Specializes in pediatric ER.

I work in a pediatric ER and I am so sick of all the crazy parents out there. Just the other day I had this little 26 day old come in with a known seizure disorder on phenobarb. Baby was d/c'd from NICU the day before and had a seizure at home... so what do the parents do? Rush the kid to the ER for a "STAT phenobarb level and want to immediatly 'give her a po bolus' of phenobarb." UGH, had to explain to them that giving her a "po bolus" will make her stop breathing!
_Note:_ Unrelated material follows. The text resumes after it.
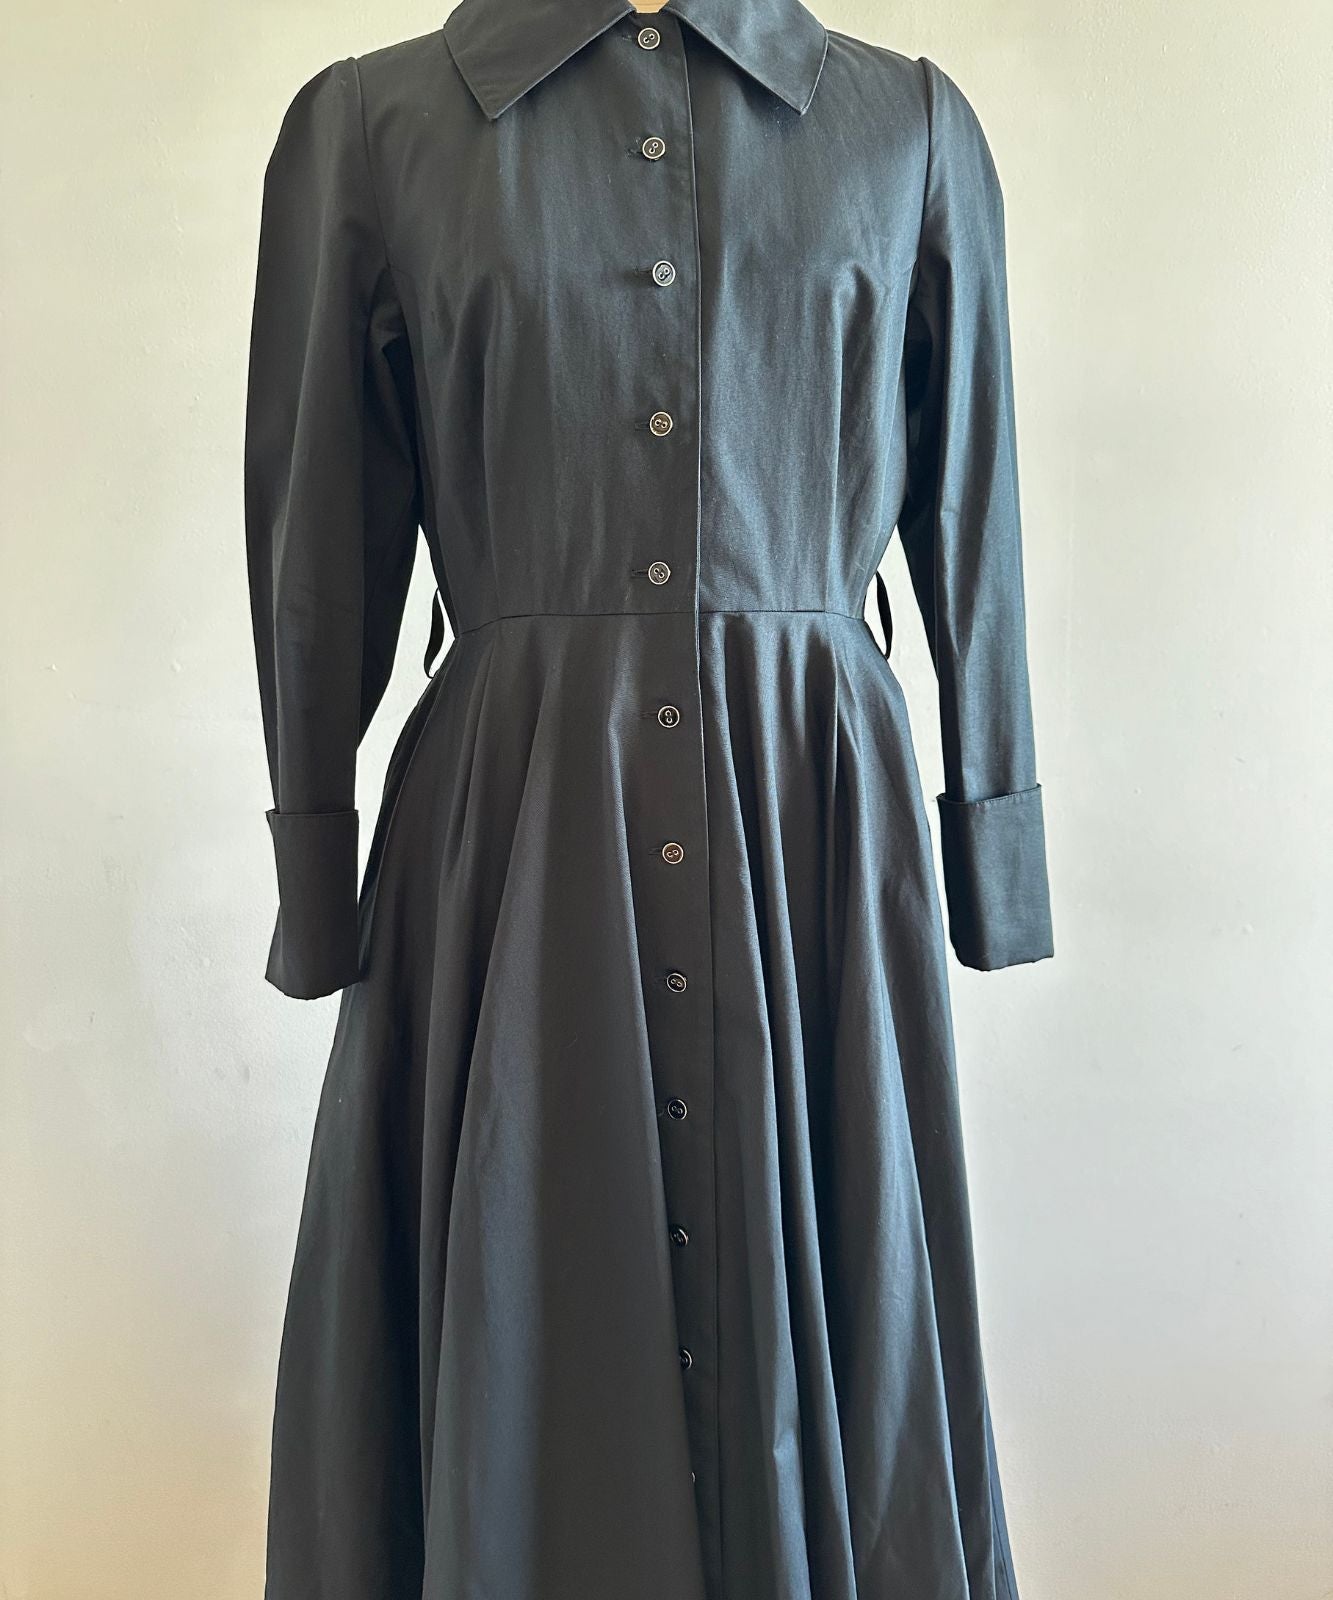 ≪在庫販売≫【THE Dress #18】big COLLAR Black Button dress(ビッグカラーブラックボタンドレス) 在庫販売 / ブラック / M+サイズ

So, we draw the phenobarb level, they won't let us draw anything else because they state the baby is anemic and that drawing another 10th of a teaspoon of blood will push her over the edge (even though we can't draw a CBC to see if she really IS anemic).

So we draw the Level and are waiting for results now, every 5 minutes they come out and ask if the results are back, meanwhile they have "bolused" the kid without our concent--although not as much as they would have if we hand't said something, because they know better since the dad's a pharmacist and the mom is supposedly medically inclined somehow. So we're waiting for the level and the kid has a seizure in the ER, great, just what we need. Baby's pink so we're setting up a little O2 and suction and the sat probe falls off the kids toe, mom freaks, throws her portable O2 tank on the bed dad starts yelling "she's getting dusky" And meanwhile we put the probe back on, the kid's fine. I keep saying, she's fine, she's pink... mom's yelling "I'm losing my child!" UGH, drama.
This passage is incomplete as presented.